- **RECORDED INFORMATION**:
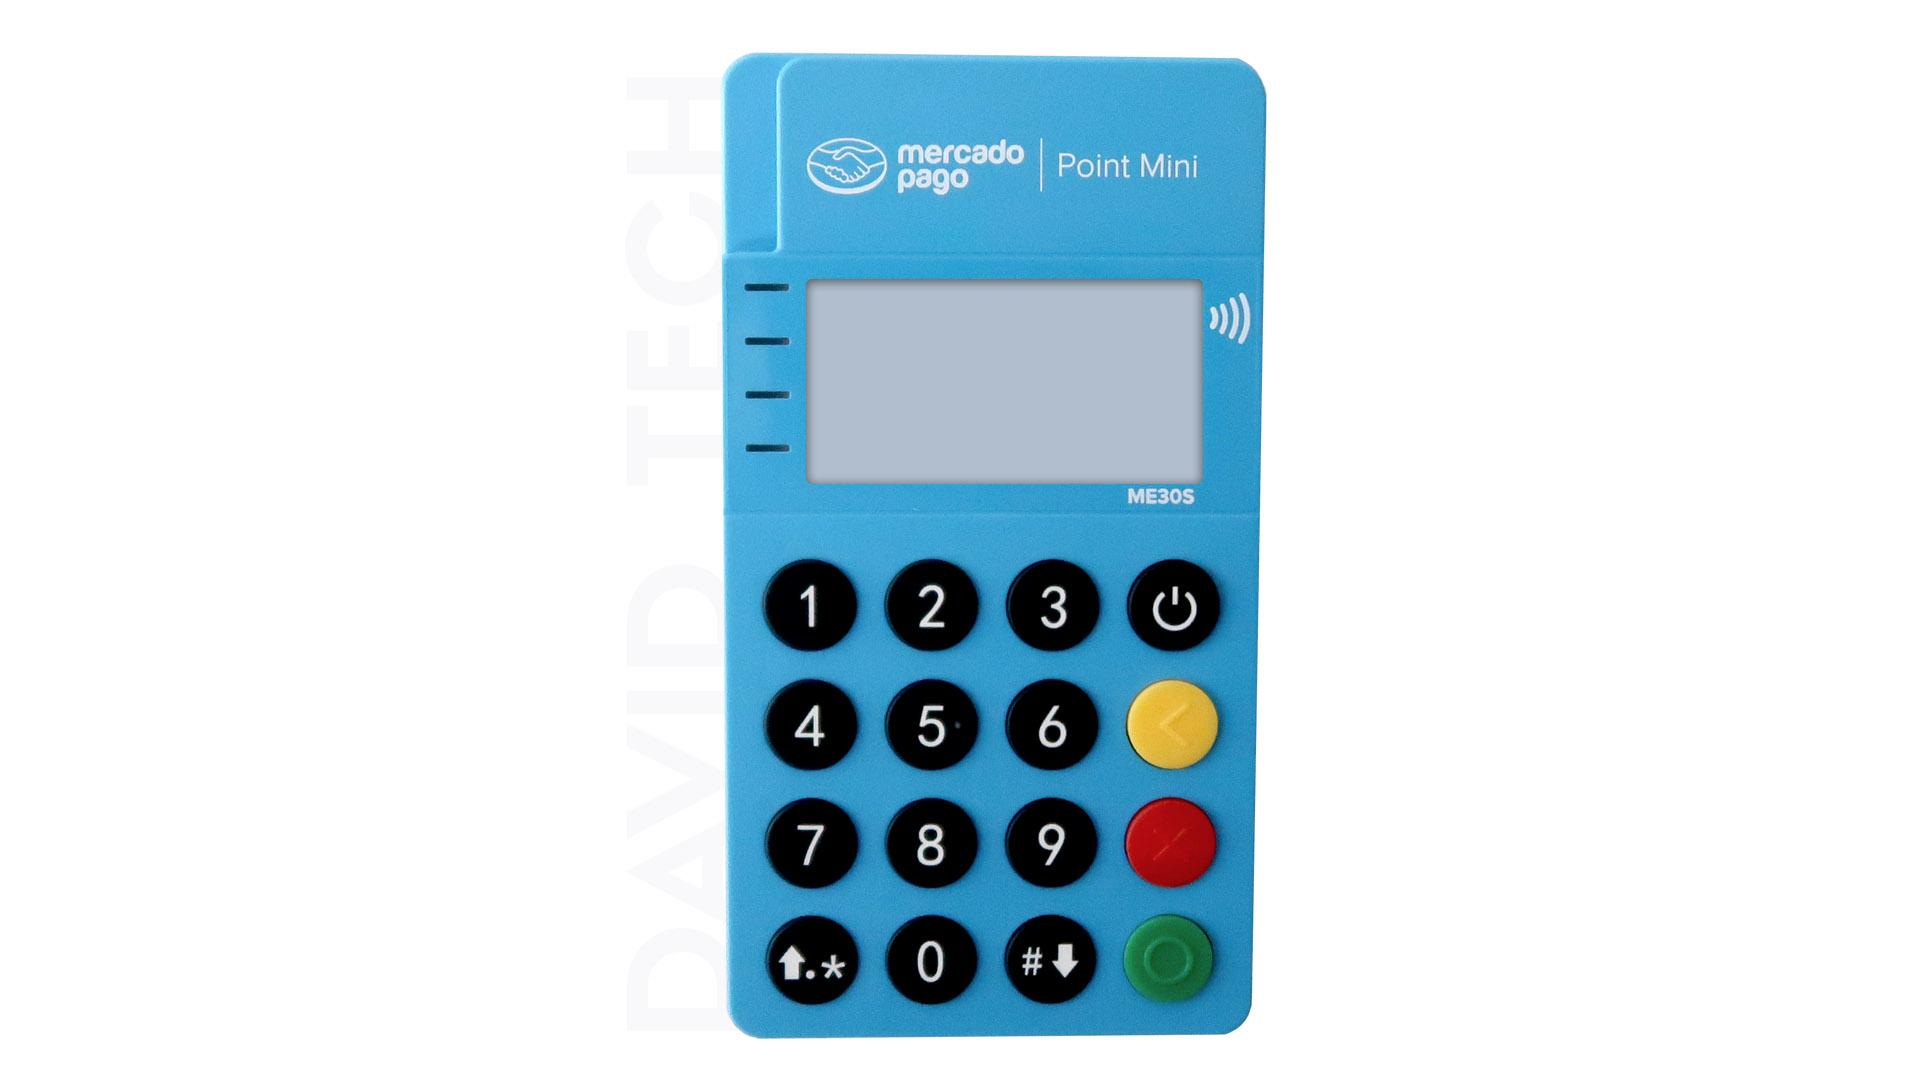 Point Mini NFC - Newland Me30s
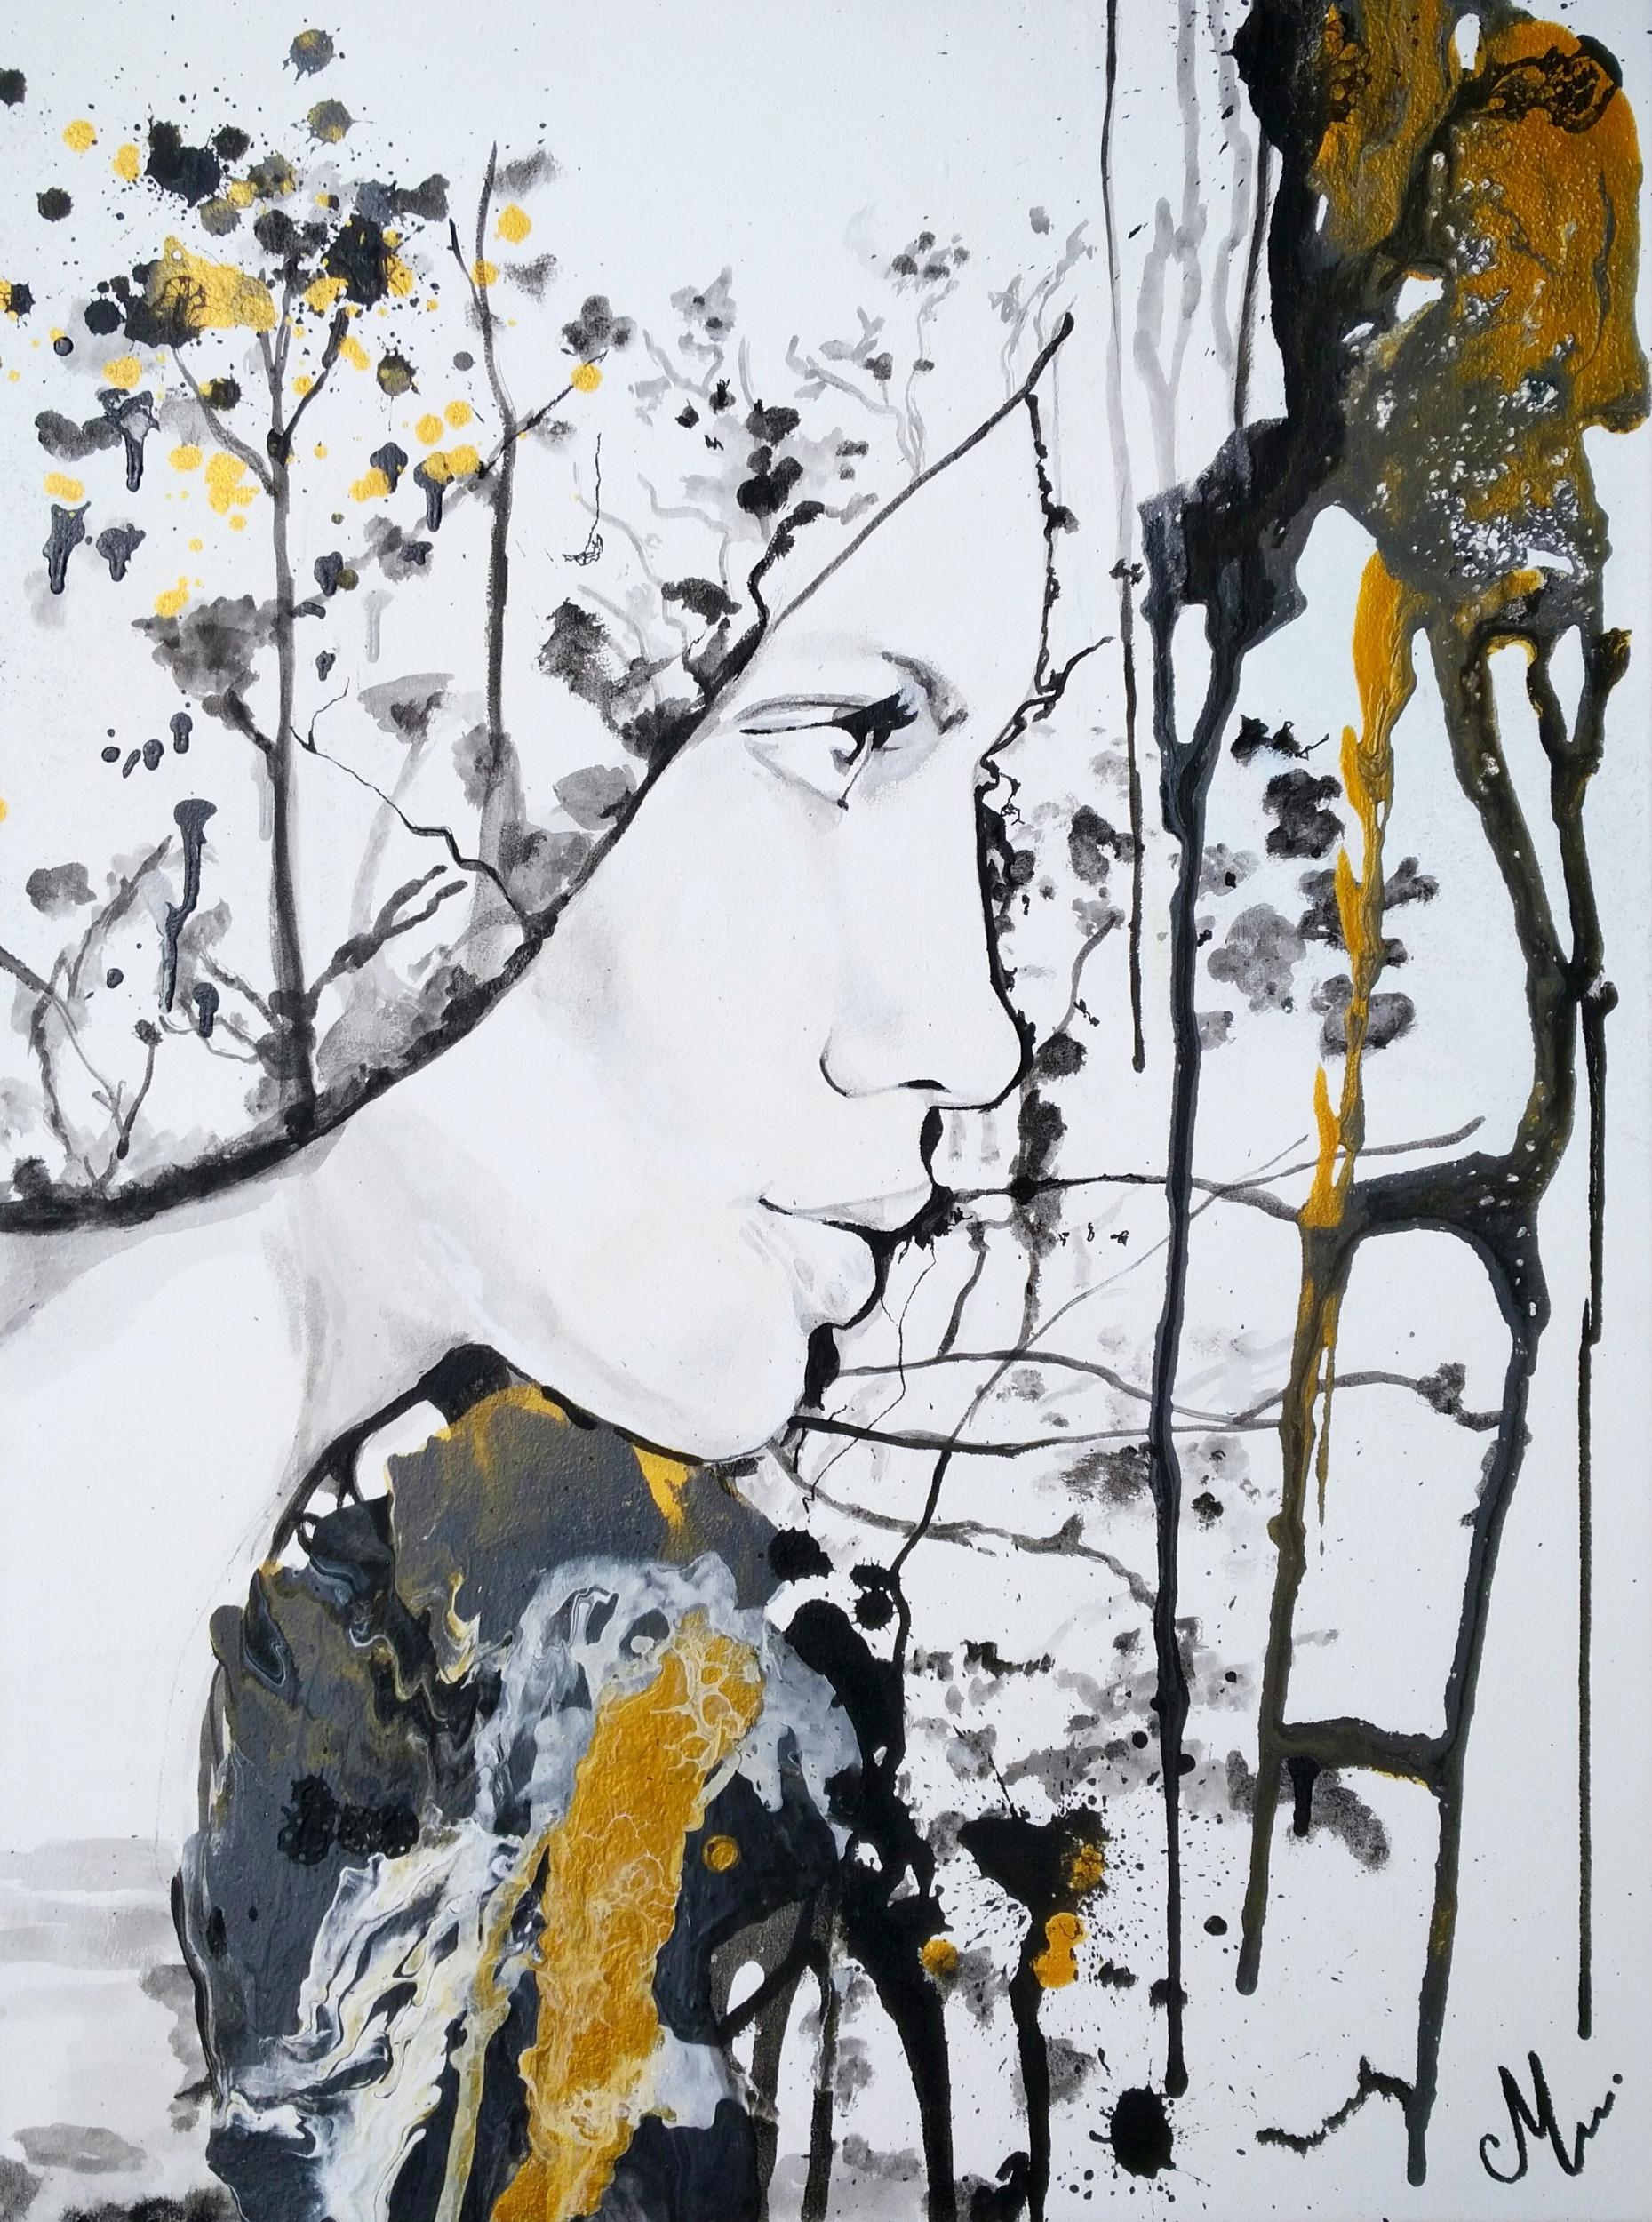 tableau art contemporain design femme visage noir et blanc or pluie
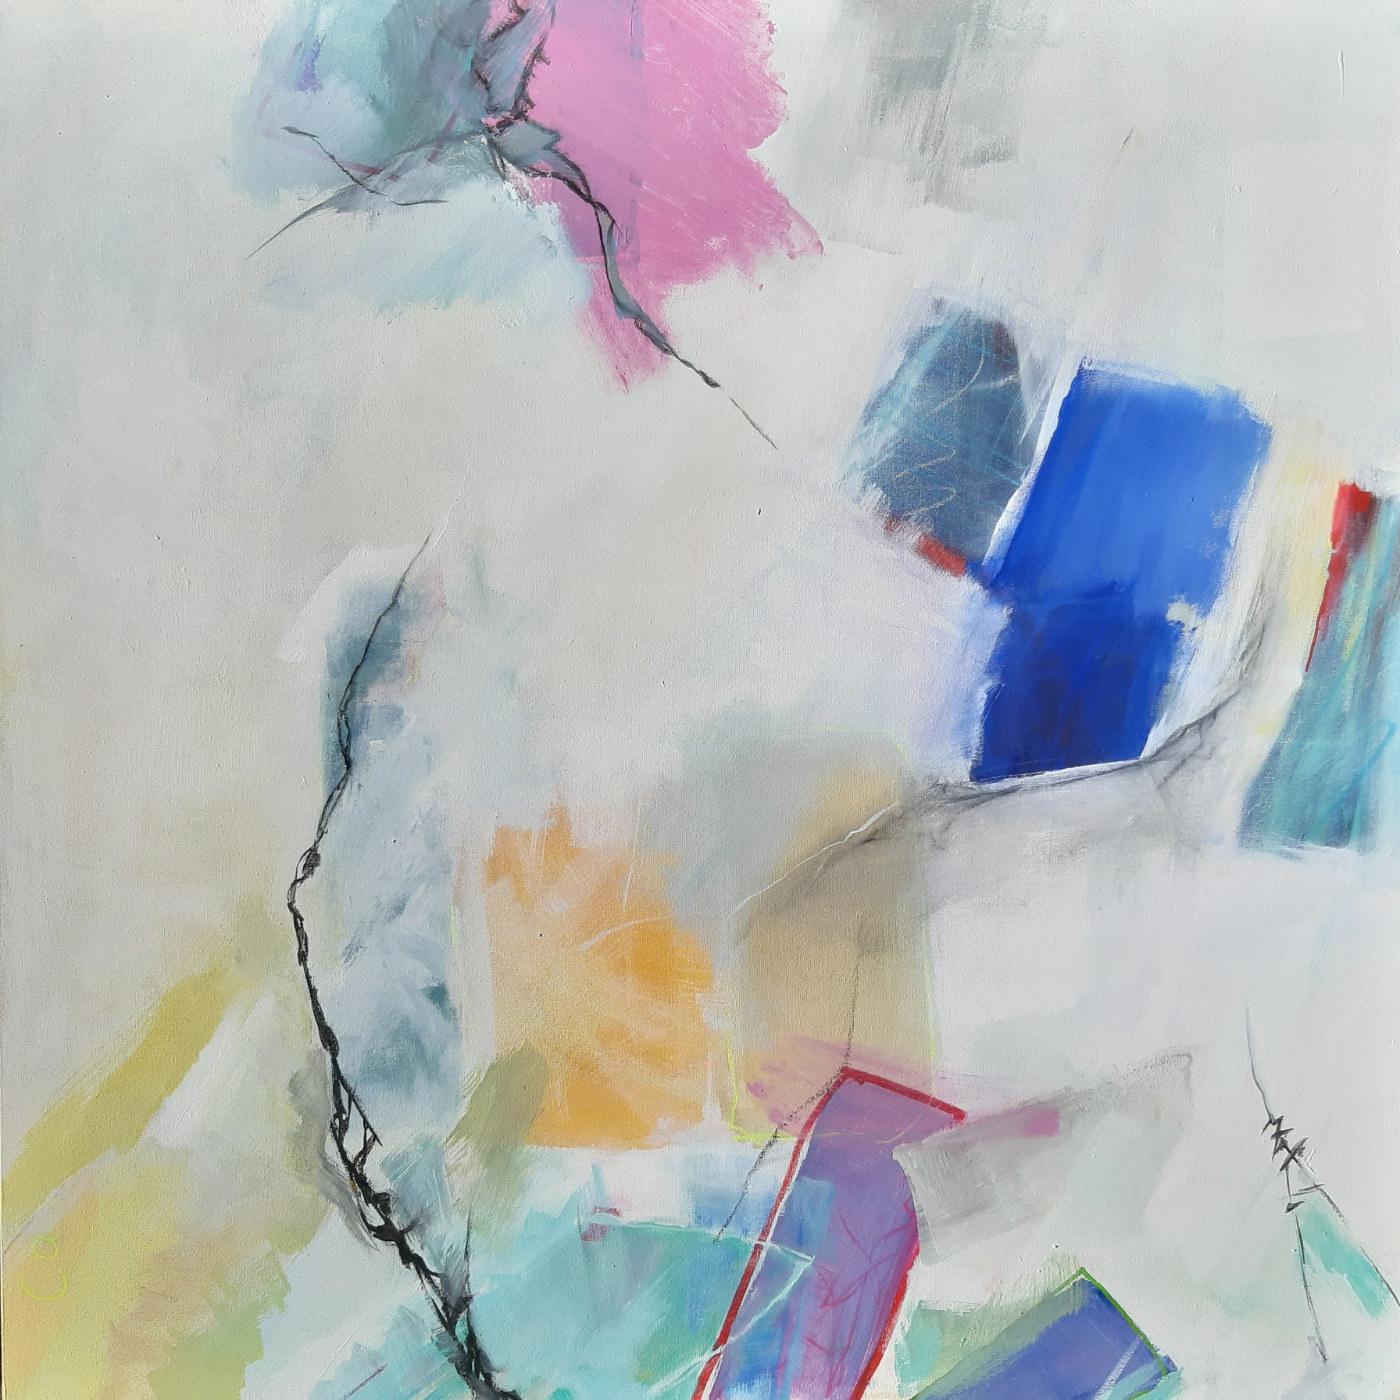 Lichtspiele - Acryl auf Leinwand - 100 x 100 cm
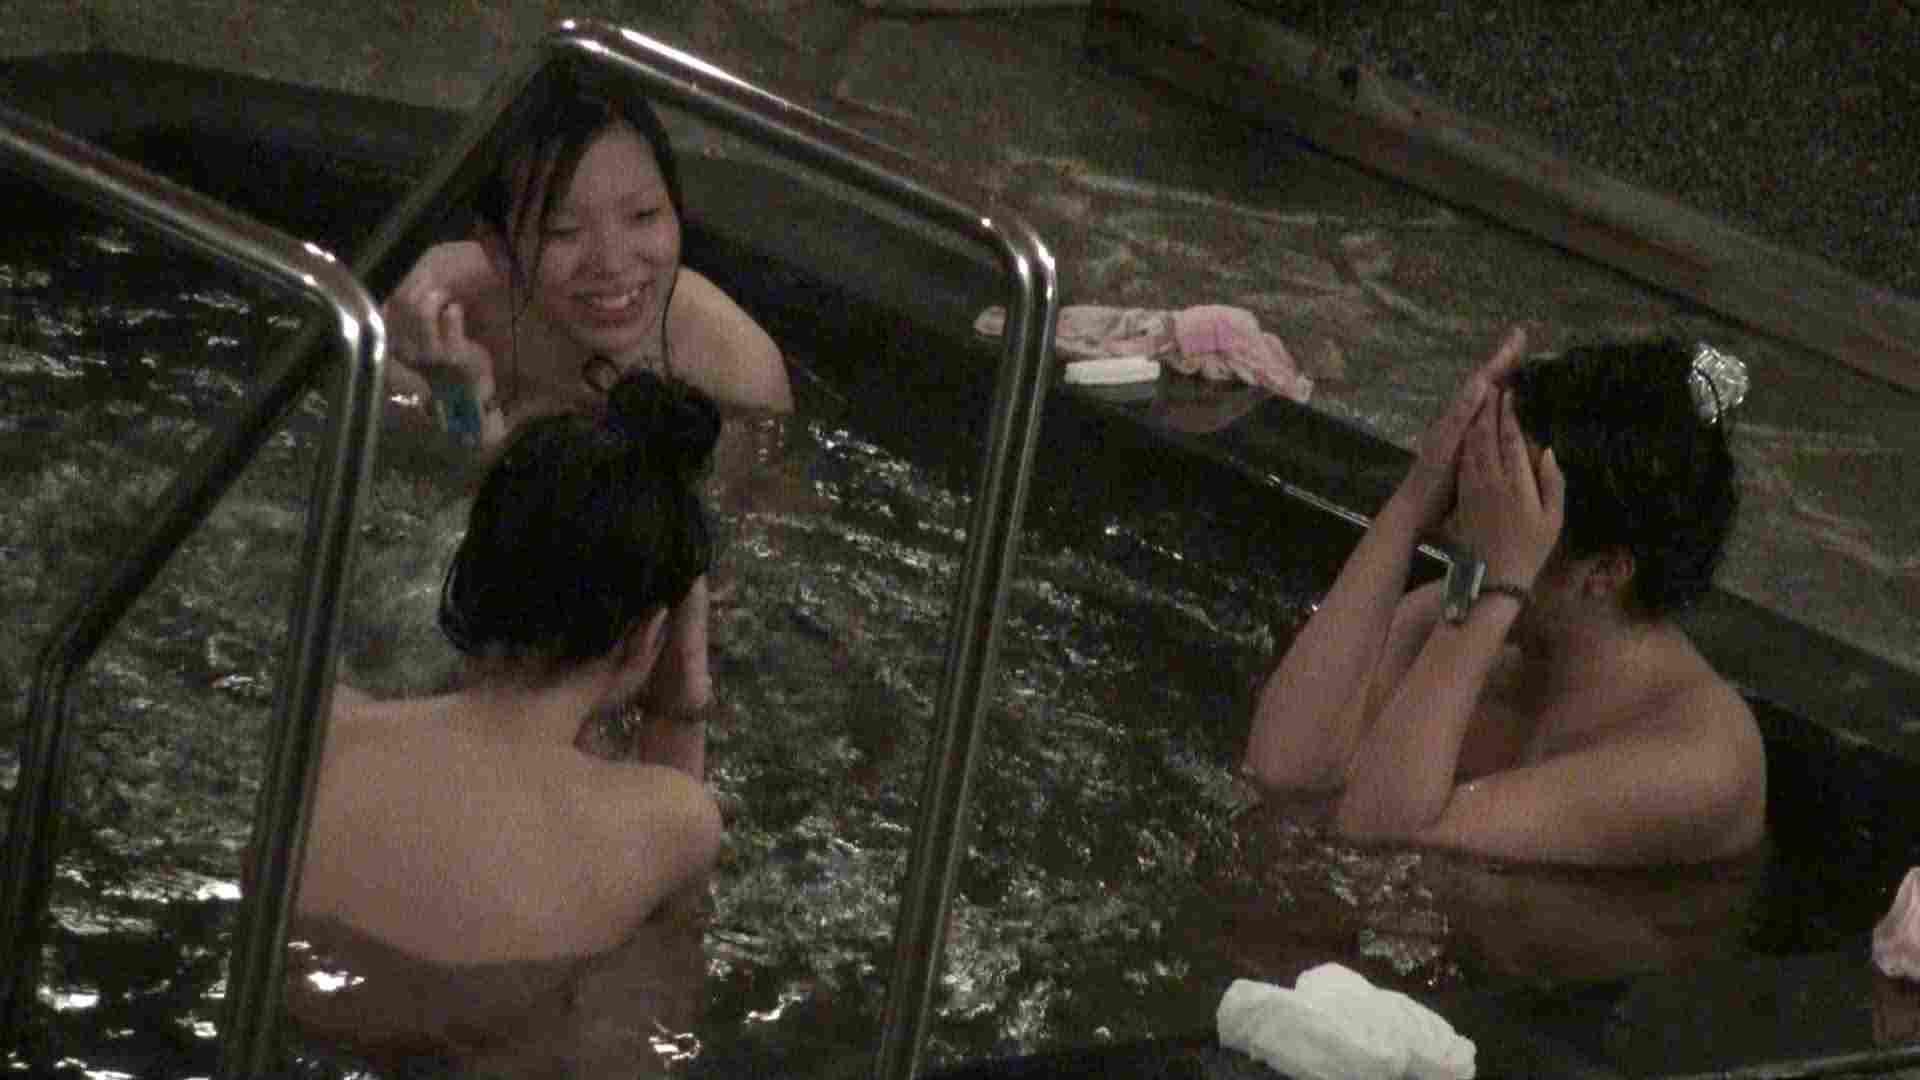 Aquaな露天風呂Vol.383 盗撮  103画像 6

- **PROBLEM REQUIREMENTS**: Output everything in the material exactly. Pictures stay out of it.

- **SOLVED EXERCISE**:
 Point Mini NFC - Newland Me30s
 tableau art contemporain design femme visage noir et blanc or pluie
 Lichtspiele - Acryl auf Leinwand - 100 x 100 cm
 Aquaな露天風呂Vol.383 盗撮  103画像 6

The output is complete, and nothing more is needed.